Йованович пишет, что Богичевич, по информации французских органов, не только установил связь с германским посольством в Берне, «но и, получив с его помощью германский паспорт, успел съездить в Берлин и вернуться в Швейцарию»[233].

После этого Богичевича уволили, или, как пишут некоторые авторы, он сам «дезертировал со службы». Из Швейцарии он отправился в Германию, где в свое время занимал должность поверенного в делах (1907–1914). Богичевич испытывал личную неприязнь в Пашичу, не зная того, что конфликт между ними стал результатом интриги третьих лиц, в первую очередь Джурдже Еленича. Пашич тогда разорвал приказ о назначении Богичевича на должность посланника в Цетинье и отправил его в Берлин в ранге поверенного в делах. После этого выходец из влиятельного рода сторонников Обреновичей предал родину и до своей смерти в Берлине в 1938 г. действовал в интересах Германии.

После войны специализацией беглого дипломата стали сочинения в поддержку германских усилий по ревизии решений Версальской конференции о военной ответственности, которые он подписывал полным титулом бывшего поверенного в делах Сербии в Берлине. Действуя, по сути, как пропагандист, Богичевич перекладывал оную ответственность на Сербию и Россию.

Появление первого опуса не заставило себя долго ждать. В 1919 г. в Цюрихе вышла книга «Причины войны», в которой Сербия и Россия обвинялись в «разжигании пожара войны»[234].

«Облачившись в тогу человечного европейца, в котором пробудилась совесть, Богичевич предстает в книге незаинтересованным свидетелем стороны защиты Германии на Парижской мирной конференции. На самом деле, это издание, появившееся в нейтральном государстве и подписанное не немцем, а сербом, – пишет Йованович-Марамбо, – не что иное, как перепечатка германской “Белой книги”», тоже увидевшей свет в 1919 г.

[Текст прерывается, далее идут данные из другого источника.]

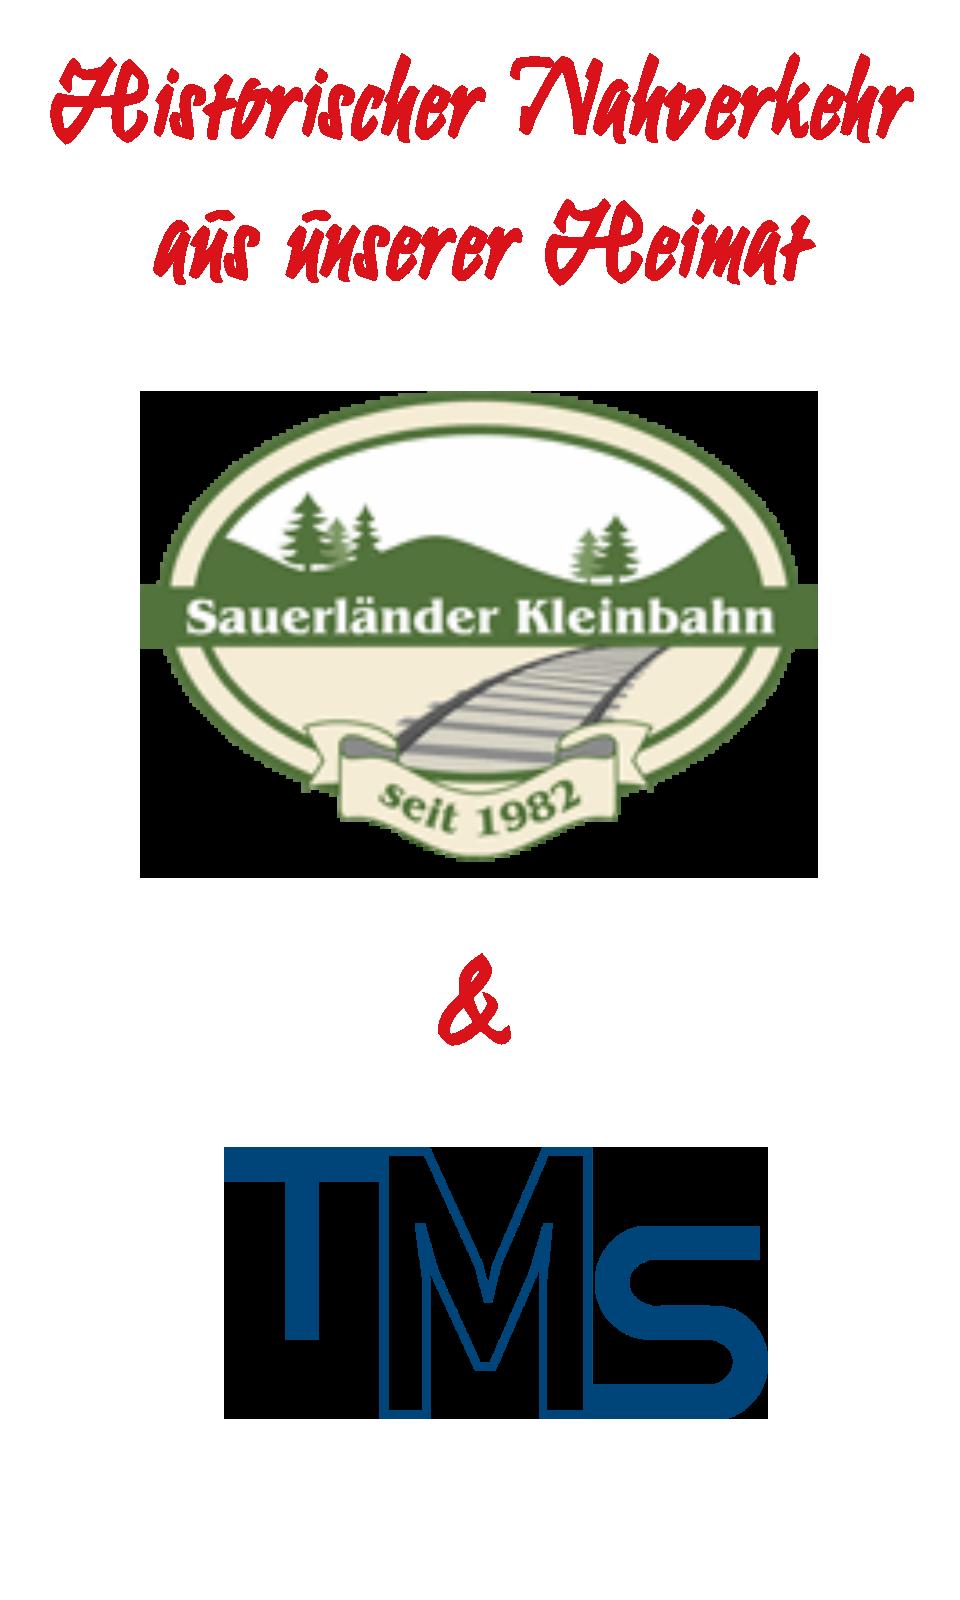 Historischer Nahverkehr aus unserer Heimat: Sauerländer Kleinbahn & TMS

Йовановичу-Марамбо – знатоку материалов сербского МИДа – не составило труда определить, что почти все из шестнадцати документов, включенных Богичевичем в свою работу, полностью совпадают с теми, что были напечатаны в германской «Белой книге». Он констатирует, что «идентичен не только перечень, но и перевод на немецкий. Переводы Богичевича, как и те, что опубликованы в “Белой книге”, слово в слово совпадают с… переводами др. Вёрнле (Hans V?rnle), выполненными в австрийском Государственном архиве двумя годами ранее (1917). Единственное отступление, которое себе позволил Богичевич, состоит в том, что он лишил профессора Кошутича титула “сербского посланника в Петрограде”, которым его ошибочно наделили венский Государственный архив и германская “Белая книга”. Будучи в прошлом сербским дипломатом, Богичевич сумел исправить ошибку, допущенную плохо осведомленными австрийцами и немцами»[235].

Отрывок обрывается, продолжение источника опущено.